The Disciple (Rakhi Varma, 2020)

There was, once upon an old, old time, a Zen Master who was both revered and feared throughout the land in Japan. It was said that if there was ever a master artist, it was he. Rumour had it that he could teach a stone to paint. At the same time, a talented young painter in a far away town heard these tales about the master. He was filled with the urge to become his apprentice. He had already built himself a small reputation and thought that the great master might impart to his art some final finesse, teach him some tricks, which would benefit him greatly. The idea grew on him. One day, having made up his mind, he set off to the remote mountain village where the master dwelt.

In due course, he found himself in the master’s presence. The master looked nothing like the flamboyant character of his stories. Just an ordinary looking fat old man he was. Anyhow, the young man conveyed to the master his wish to polish his already vast pool of skills under the great man’s guidance. The master, who usually chased such aspirants away, took one look at him and accepted him as his disciple. One doesn’t know what he saw.

When the student is ready, the master appears.
– Buddhist Proverb

“Go and paint me a sleeping sow,” ordered the master, starting off the class immediately. Delighted at such an easy assignment, the young painter set off promptly. Loitering in the quiet village, he came across some sows, female swine, sleeping in the mud. They suited his requirement perfectly and he settled himself down to paint. It was nothing. Before the day was out, he was done.

He walked back to the master’s hut on the hill, happy and whistling, eager to show off his work. “Master…”, he said and bent low, offering his painting to the wise man, waiting to hear special praise. The very next moment, he saw his painting being hurled right outside the window, down the steep, green curve of the hill. Aghast, he looked at his mentor. Too stricken to speak. The master repeated the order, “Paint me a sleeping sow.”

Bewildered, the man staggered out of the compound, satchel in hand. “Did I paint too many sows?

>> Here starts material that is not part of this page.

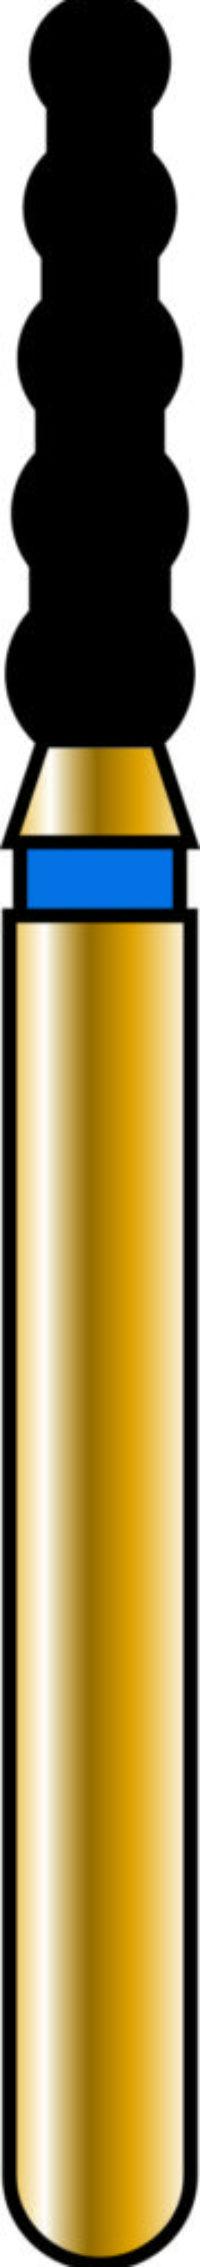 Cylinder 18-6mm Gold Diamond Bur - Super Coarse Grit

Did the master just ask for one? Was it the angle, perhaps? Or, may be, the light? No answers came. But he was quite confident that he could do an infinitely better job, whatever may have been the fault. Off he went the next morning and soon found some sows sleeping by a pond. He painted again. On second thoughts, he painted two more. And a fourth one. All from different angles, different gradients of light and colour. Whatever he could think of as an improvement upon his previous attempt. It took him three days but he thought nothing of it. He was never one to shy away from hard work.

When the paintings were ready, he returned and offered them to the master. And waited. The master took a second each to look at all of them, and, without a word, threw them out of the window once again. The man rushed forward, horrified, as if to save them. Little bits of white twirling down to the endless bottom. “You have lost nothing. They are no use,” said the master in his serene voice. “Paint me a sleeping sow. Go.”

Day after day, he went and sat with sows. He looked and he looked, and he painted nothing but sleeping sows. He gave up food and drink. He forgot to bathe. He went mad. It went on for days. For months. Through rain and thunder. But, the master would throw his paintings, tear them up, crumple them. Not one painting met his expectations. And the young man’s confidence dropped to his bootlaces. He had nothing left but his battered self, as vulnerable as an open field.

We are all broken… that’s how the light gets in.”
– Ernst Hemingway

Sohbat (Rakhi Varma, 2020)

So came the glorious moment when he could not take it any more. Riddled with anxiety and frustration, he flew into the master’s room in the middle of the night and cried out: “What is wrong with my paintings? I have done all I can. Now, I need to know! Tell me, master!”

Ah…the necessary anger… The master smiled a smile of deep satisfaction. “At last you found it in you to ask the right question. What took you so long…?”  He asked, not for the answer, but for the impact. The painter frowned, taken aback. The master said, “I asked you to paint me a ‘sleeping’ sow. Not a ‘dead’ sow. The two are not the same. All your sows were great, but seemed dead.”

At that moment the young painter experienced satori.

“It’s not what you look at that matters, it’s what you see.”
Henry David Thoreau

You only see what you are. To see the other, a sleeping sow, a bird, a tree, a beloved, you have to become it. It needs emptying. When the young painter was emptied of his ego, he became a true artist.